Material for this task –
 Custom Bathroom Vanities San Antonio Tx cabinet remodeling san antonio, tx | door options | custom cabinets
---
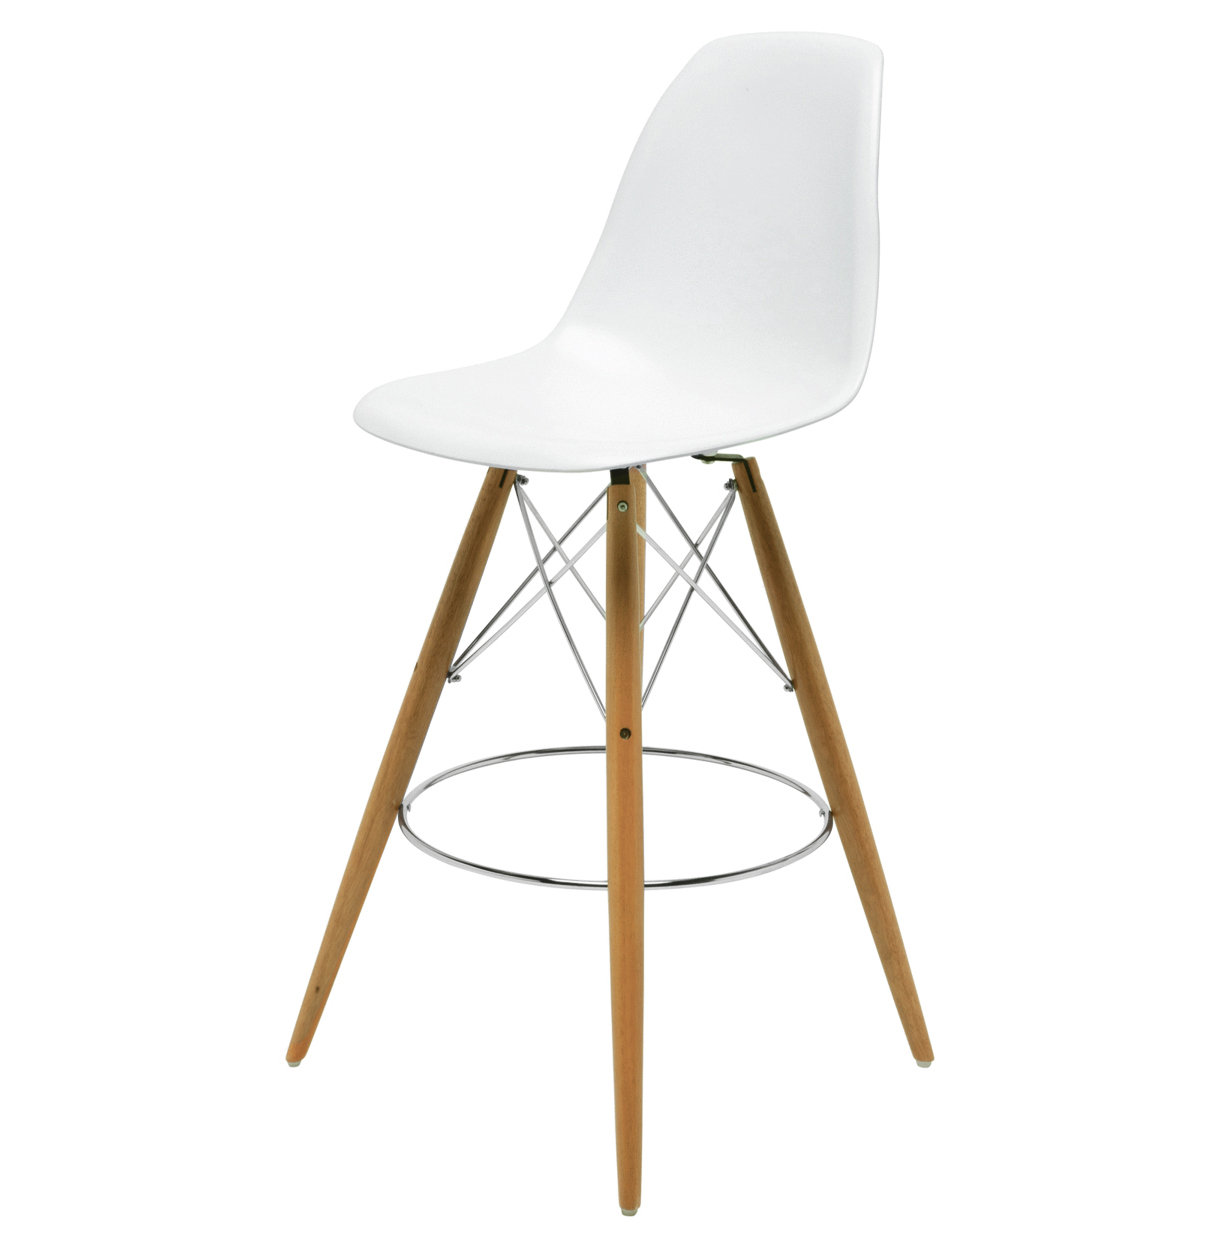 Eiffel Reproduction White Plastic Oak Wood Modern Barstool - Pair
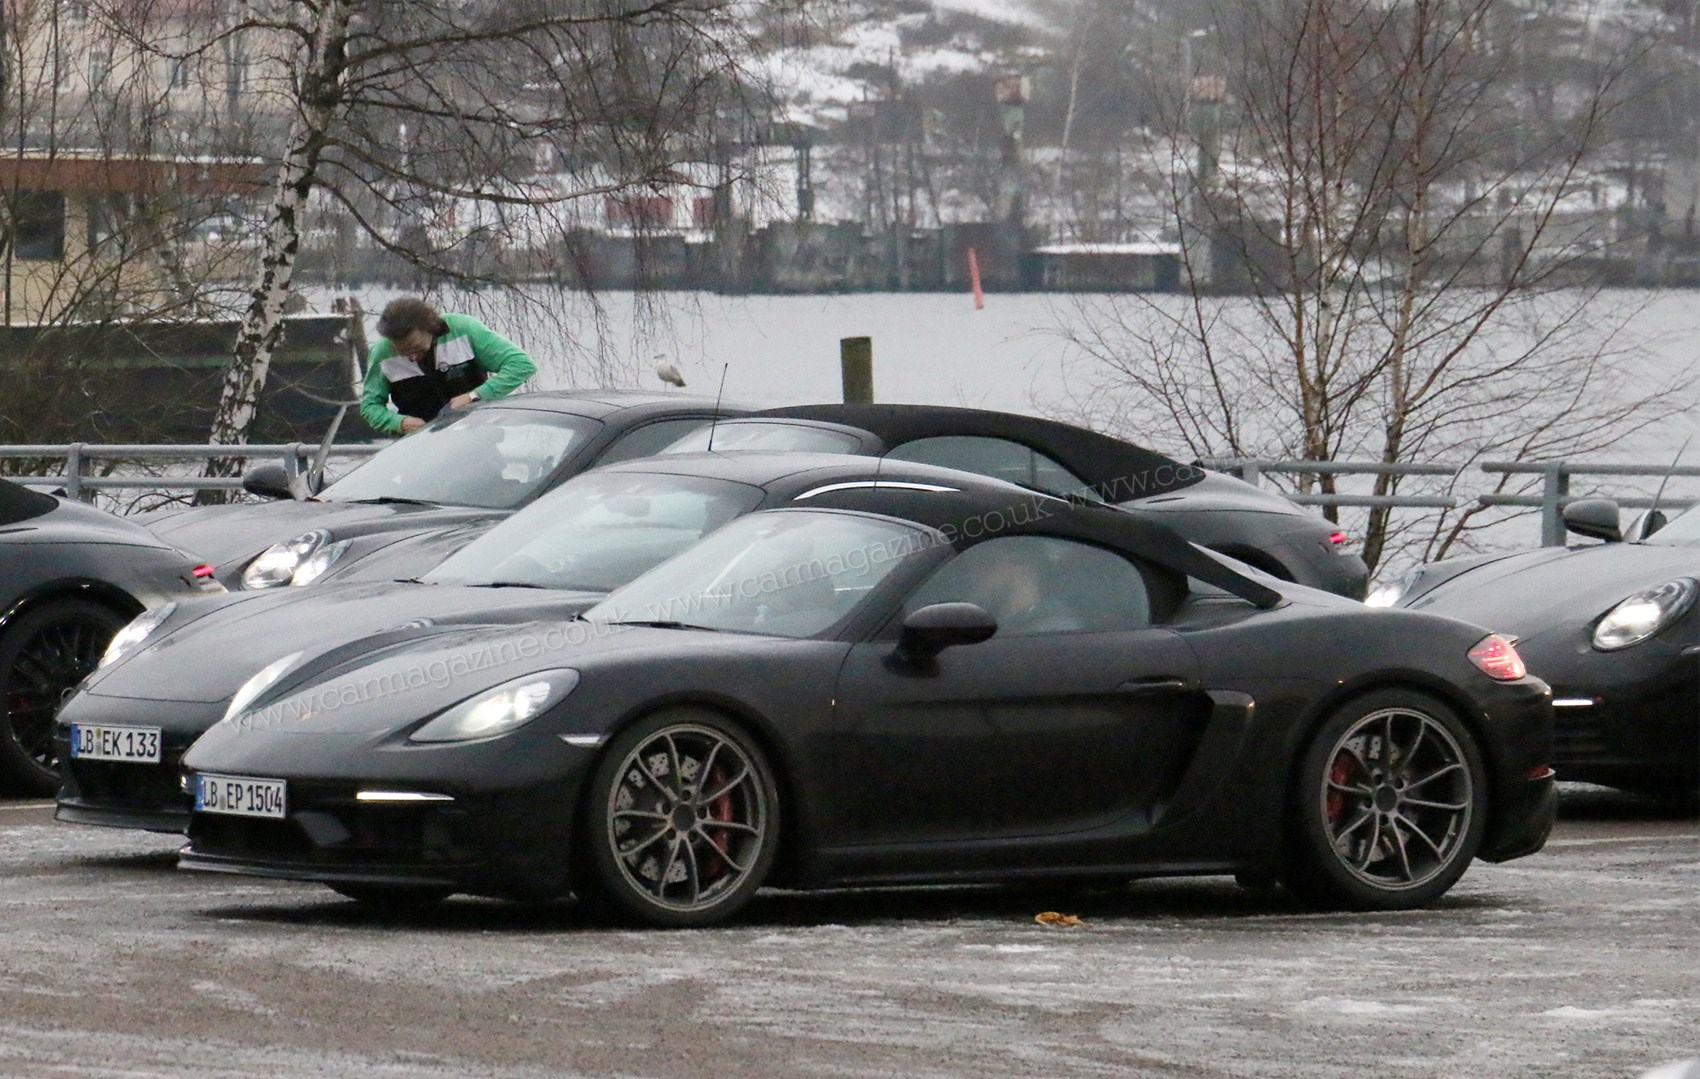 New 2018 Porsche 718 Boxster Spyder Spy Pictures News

Work to complete – Skip every picture, and restate word for word only the lines above from the line containing "Eiffel Reproduction White" to the line containing "New 2018 Porsche", both of them included.

Response to this task –
 Eiffel Reproduction White Plastic Oak Wood Modern Barstool - Pair
 New 2018 Porsche 718 Boxster Spyder Spy Pictures News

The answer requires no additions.